Плутовской роман в России - [113]
Не удивительно также, что эстетическая позиция и метод этой рецензия были атакованы другими критиками как слишком жёсткие и устаревшие, а именно теми, которые по меньшей мере точно так же резко отвергали «Выжигина», как и «классик» «Атенея».
В противоположность этому Булгарин уклонялся прежде всего от деловой дискуссии с критическими статьями отрицательной направленности и пытался игнорировать возражения.
18 мая 1829 г. «Северная Пчела» опубликовала письмо Булгарина Гречу, в котором автор «Выжигина», находившийся в своём поместье, пишет, что он узнал от друзей о нападках разных «журналистов и литераторов» на свой роман.
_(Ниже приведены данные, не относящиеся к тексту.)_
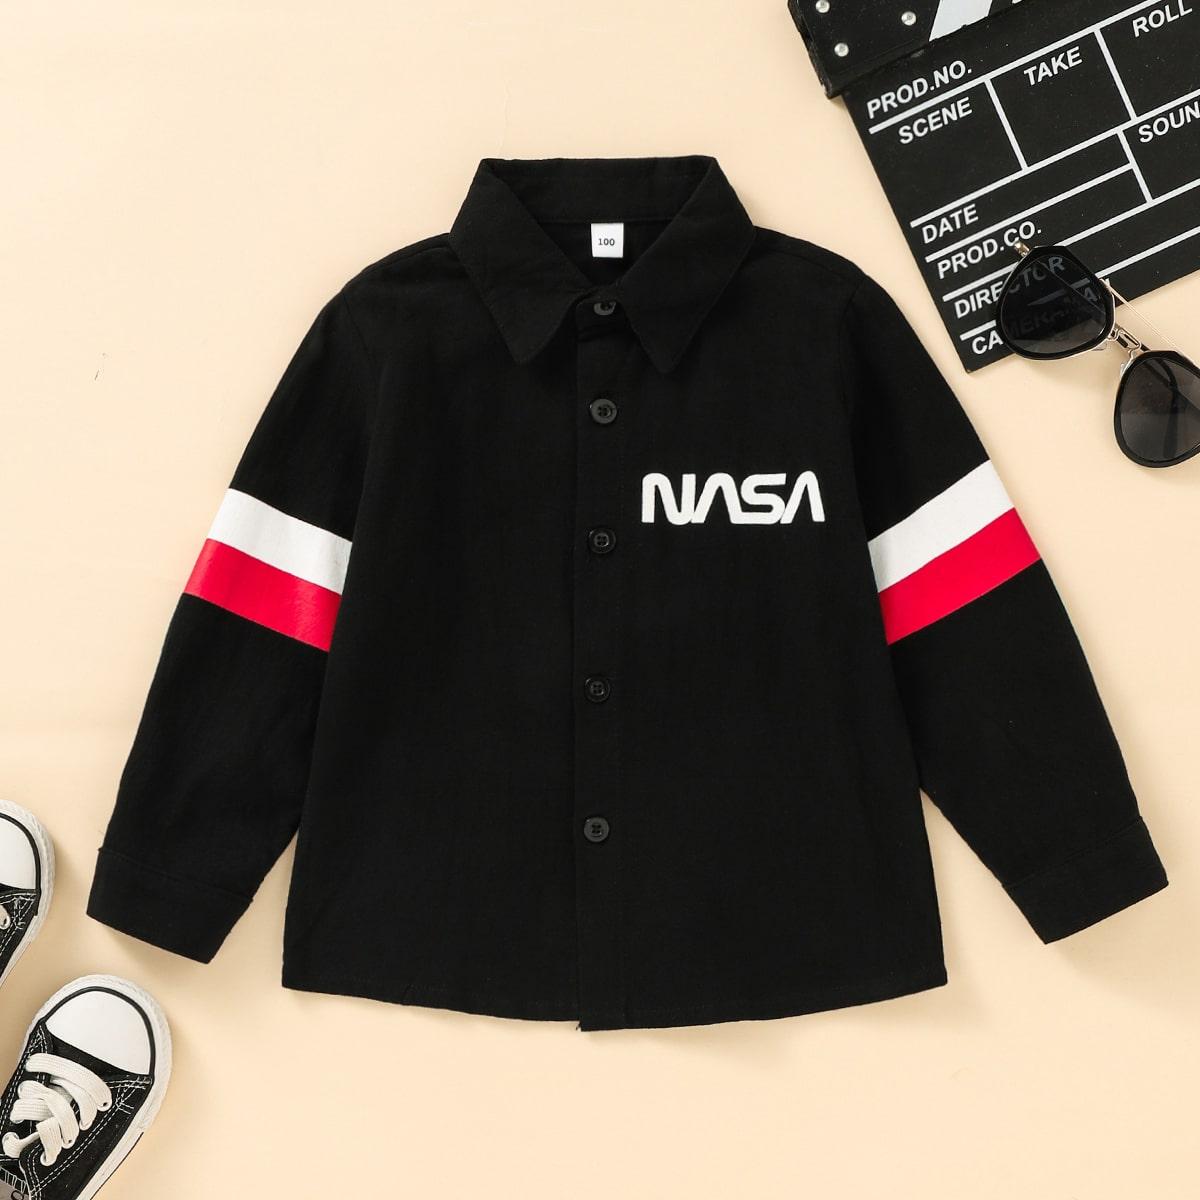 Контрастная рубашка с текстовым принтом для мальчиков
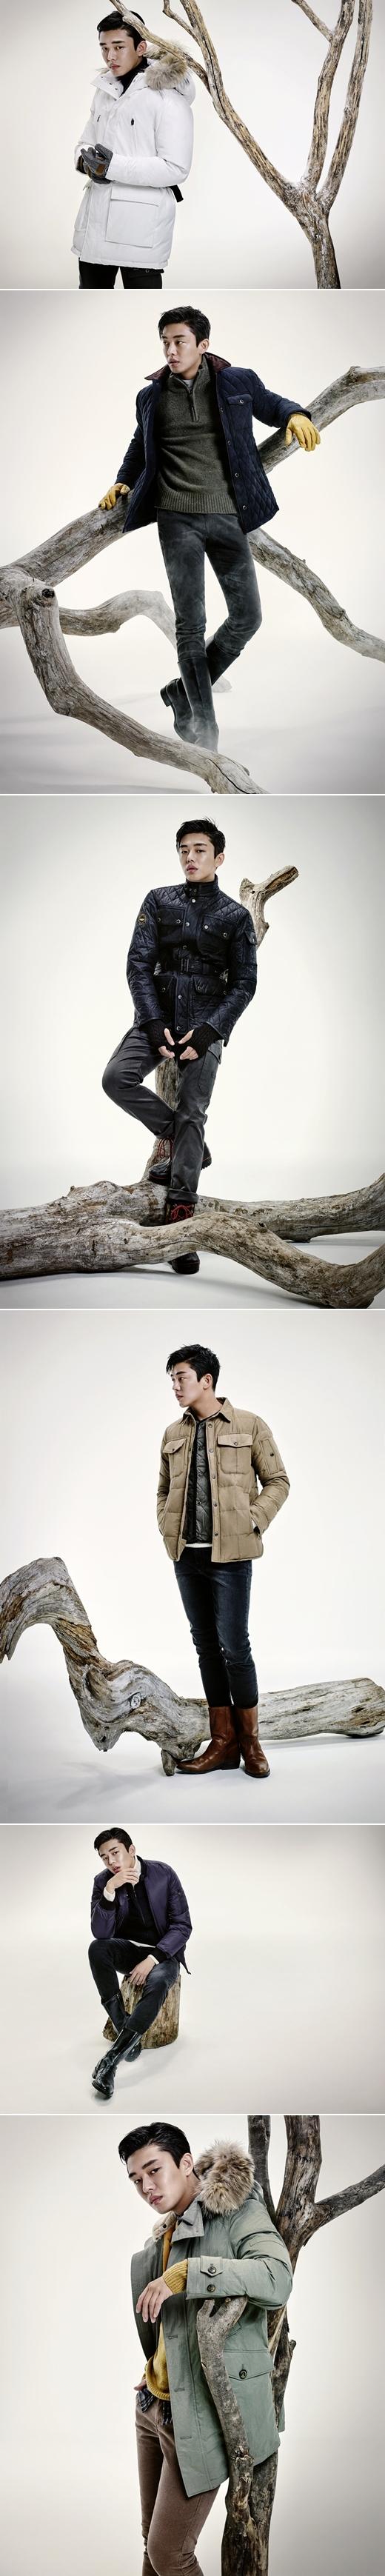 지프브랜드, 유아인 화보 공개…'퍼스트 어반' 테마

В них говорит только зависть, вызванная большим успехом книги. Он сам «награждён выше заслуг своих вниманием особ, которых одно слово ценит он выше двенадцати томов журнальной критики»[922].
Но нападки в журналах не ослабевали. В том же месяце вышла ещё одна резко критическая статья в «Вестнике Европы», продолженная в июньском номере. Этот журнал, издававшийся Каченовским, уже до восстания декабристов решительно полемизировал против «романтического» направления, а с 1828 г. в число его сотрудников входил Н. И. Надеждин, один из самых воинствующих и наиболее интеллигентных критиков того времени. Надеждину принадлежит также рецензия на «Выжигина»[923].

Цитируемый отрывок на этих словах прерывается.